In 2004, US journalist Ron Suskind related a conversation with an aide to then president George W. Bush. ''We're an empire now, and when we act, we create our own reality” the aide purportedly said.
A combination of corporate wealth and government power can “make reality” for a time, long enough to make a few corporate high-fliers and retired politicians very rich whether in rebuilding the devastation inflicted on Iraq, or on a more mundane level, producing LNG for export.

As the descent of the US occupation of Iraq into chaos and the GFC’s impact on the housing and banking sectors show, this kind of forced march can only go on so long before it is overextended and unsustainable.
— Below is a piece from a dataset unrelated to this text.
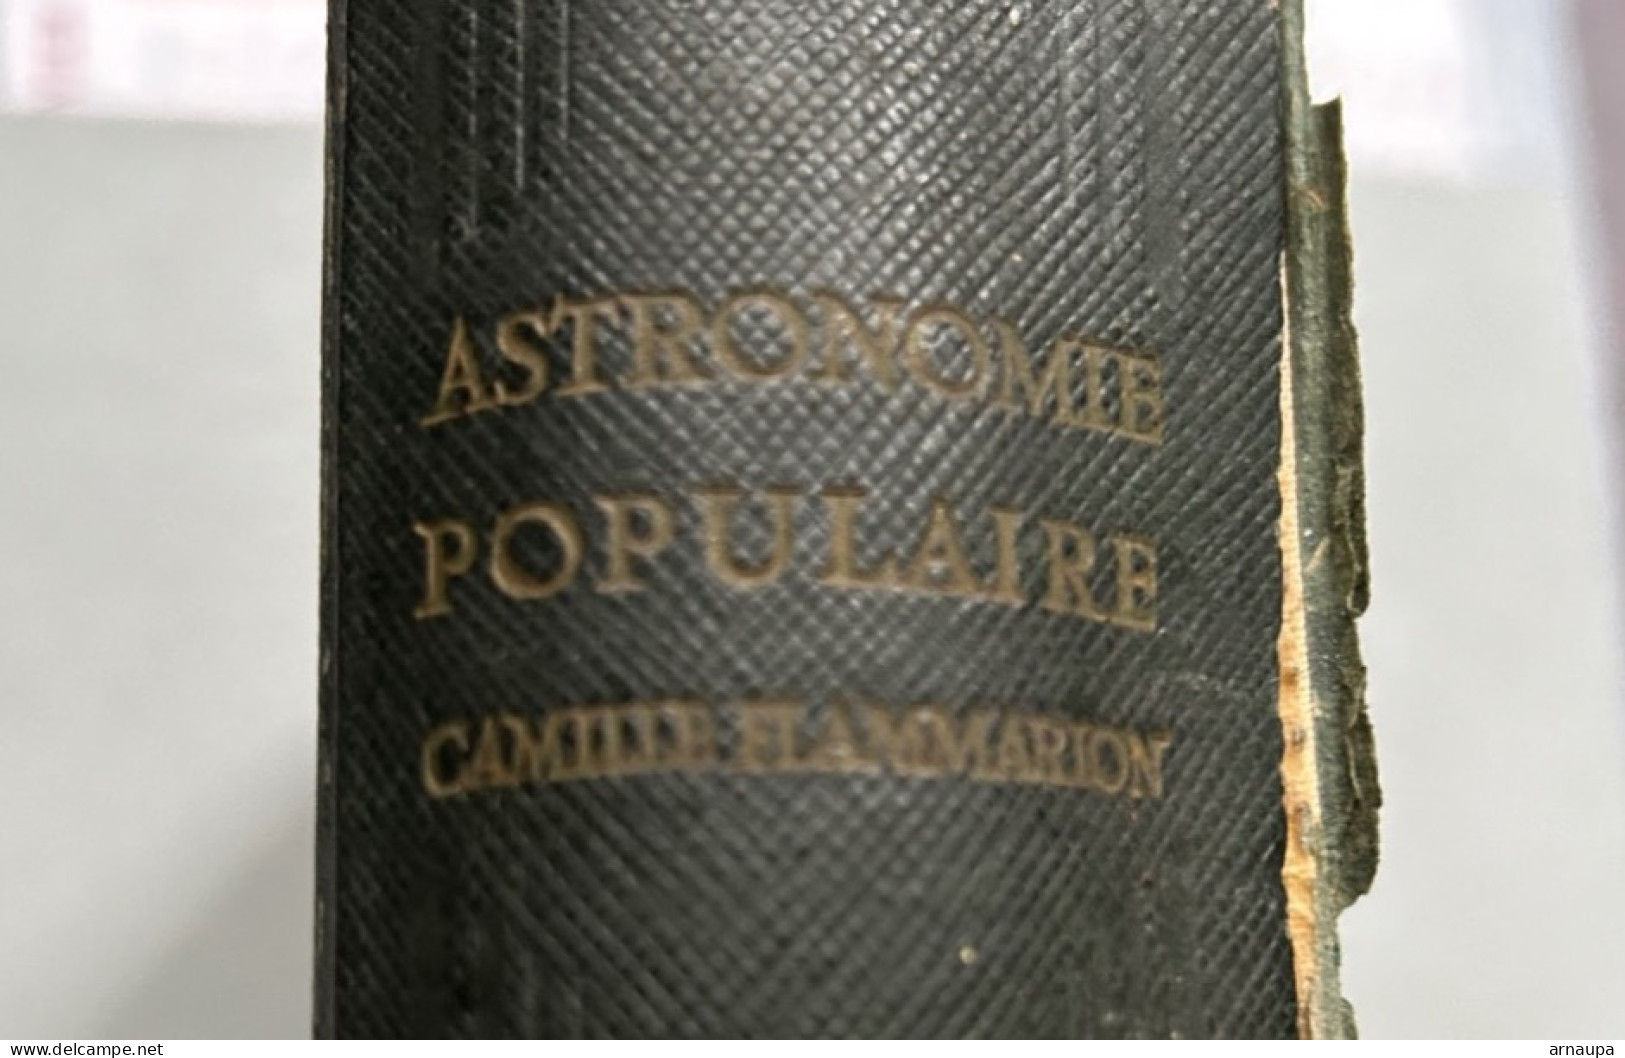 Astronomie Populaire Camille Flammarion 1953 - Enciclopedias

In the case of unconventional gas, the combination of an inherently risky industry and growing competition from far more secure renewable energy technology will almost inevitably cause a faltering if not a crash in the unconventional gas industry at some point.

Modern capitalism could continue like this forever, in theory: pumping up bubbles and state-industrial power plays before lurching back into the basic state of crisis when they fall flat --while the culprits make a quick getaway with as much loot as they can sequester in offshore tax havens.

But whether humanity can endure much more of it, as climate tipping-points are already being triggered by our atmosphere's rapidly rising greenhouse gas concentrations, is another question. We could wait for the unconventional gas industry to crash, but how much damage will it do before then?

We are running out of time, and it is vital to do everything we can to stop the unconventional gas boom dead in its tracks. Increasingly, it seems, that will mean campaigns such as Lock the Gate will need to fight on the federal front as well as the state for regulation of the fracking industry.